──────── EXERCISE MATERIAL

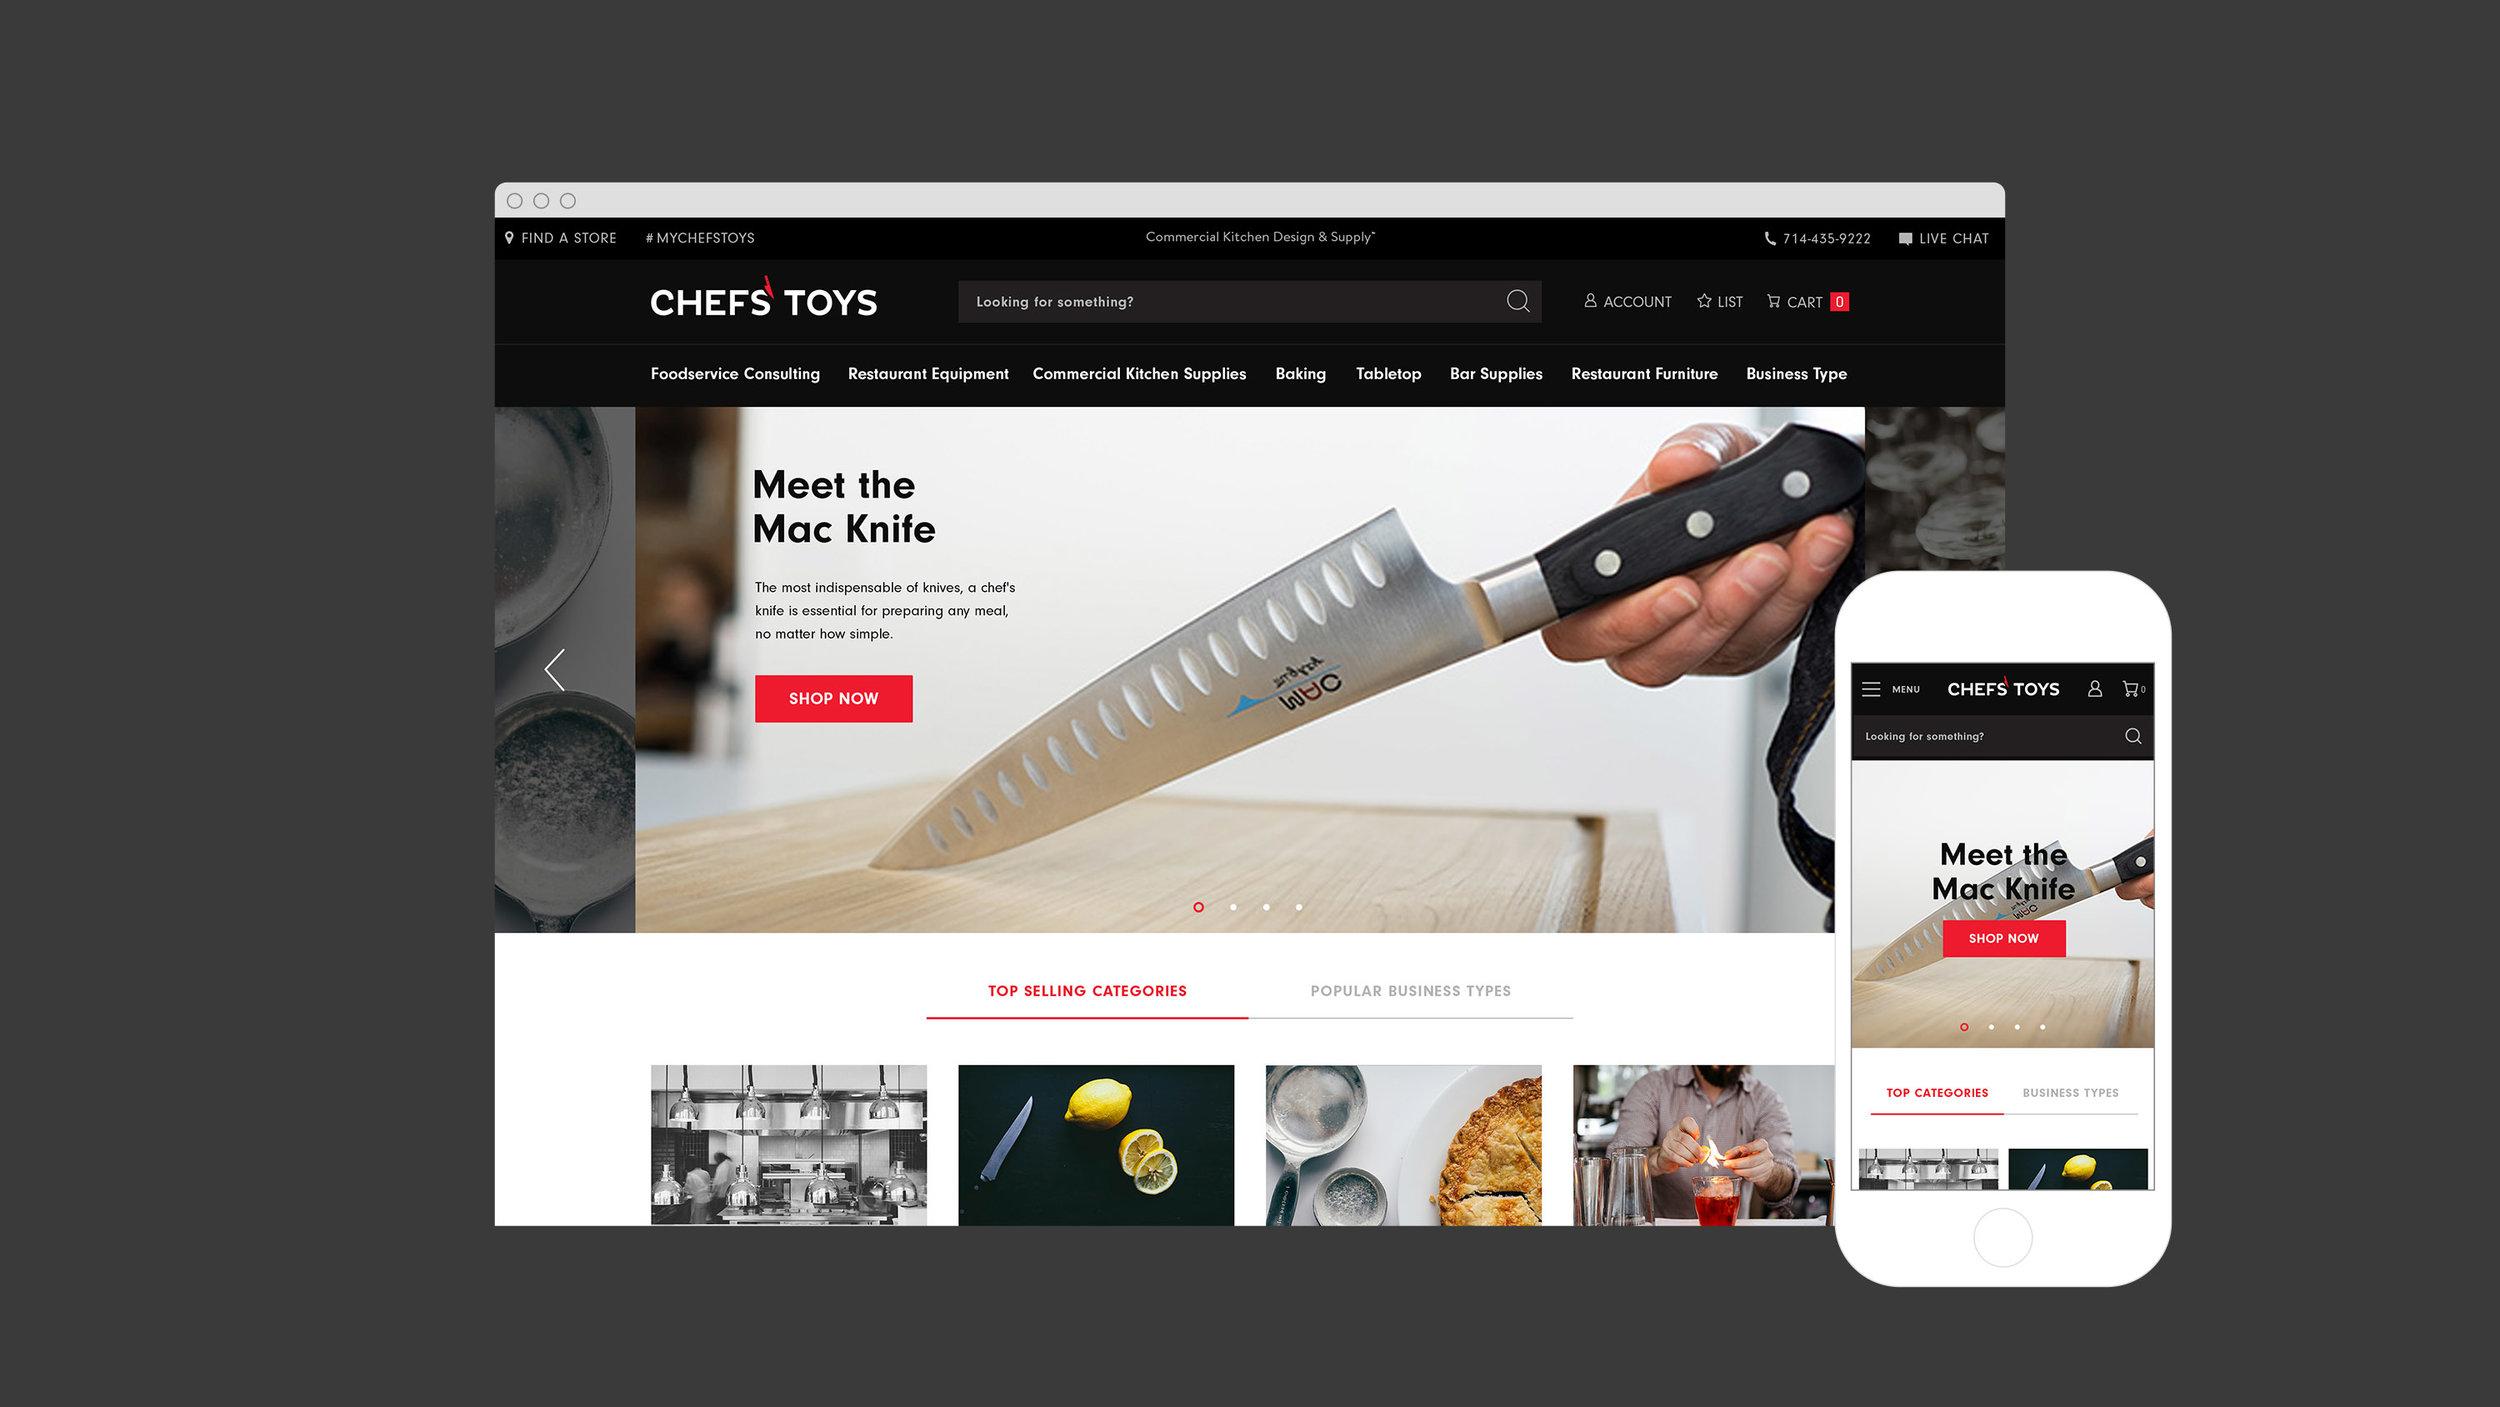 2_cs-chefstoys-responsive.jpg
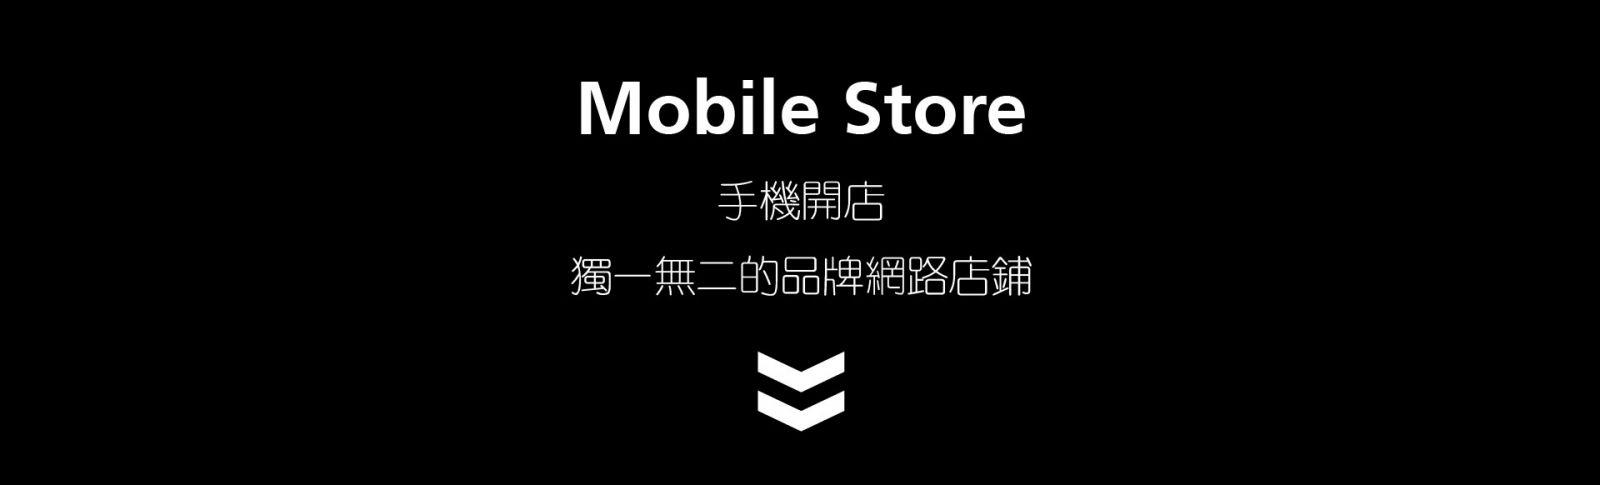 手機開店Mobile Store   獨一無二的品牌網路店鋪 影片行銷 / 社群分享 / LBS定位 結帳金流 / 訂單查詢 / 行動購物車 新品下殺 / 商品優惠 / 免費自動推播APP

────────────────
──────── EXERCISE MATERIAL

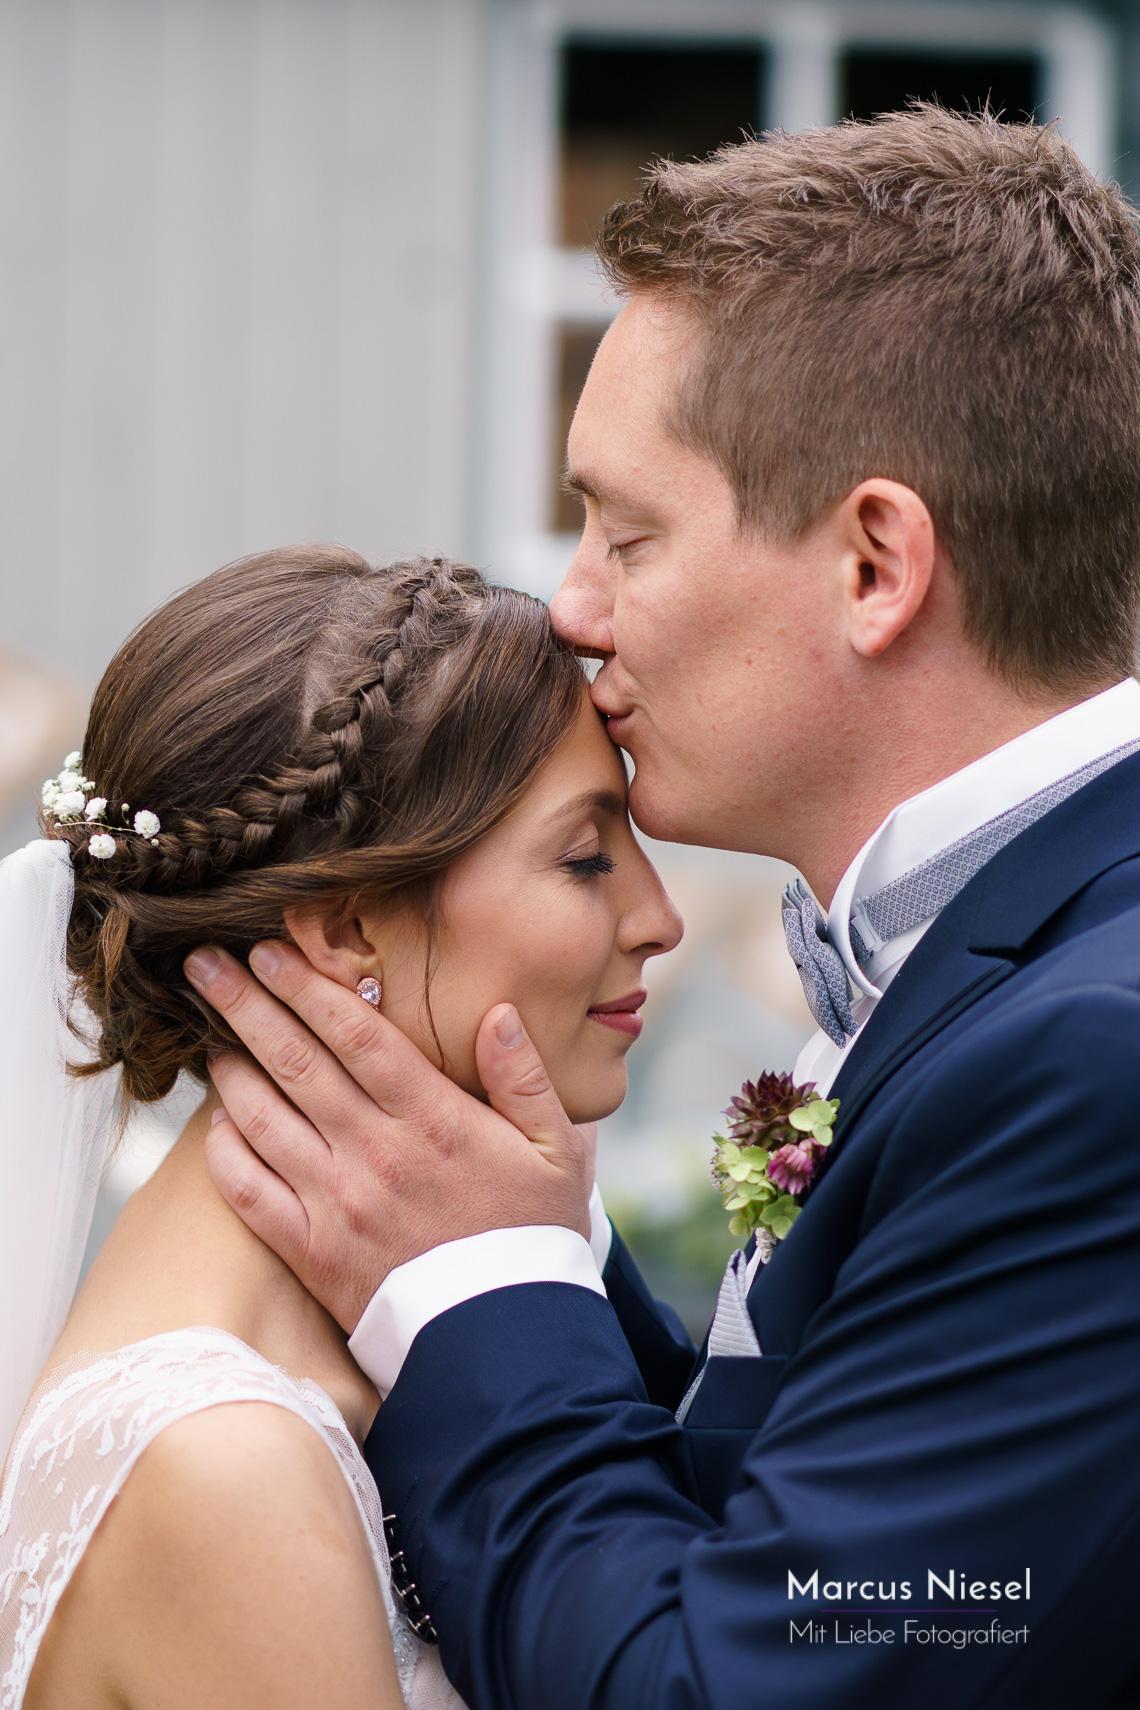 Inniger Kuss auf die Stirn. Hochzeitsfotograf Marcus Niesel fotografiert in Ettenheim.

────────────────

Starting at the line containing "2_cs-chefstoys-responsive.jpg" and finishing at the line containing "商品優惠 / 免費自動推播APP", return those lines exactly as they appear above, without the pictures.

SOLUTION FOR THIS TASK >>
 2_cs-chefstoys-responsive.jpg
 手機開店Mobile Store   獨一無二的品牌網路店鋪 影片行銷 / 社群分享 / LBS定位 結帳金流 / 訂單查詢 / 行動購物車 新品下殺 / 商品優惠 / 免費自動推播APP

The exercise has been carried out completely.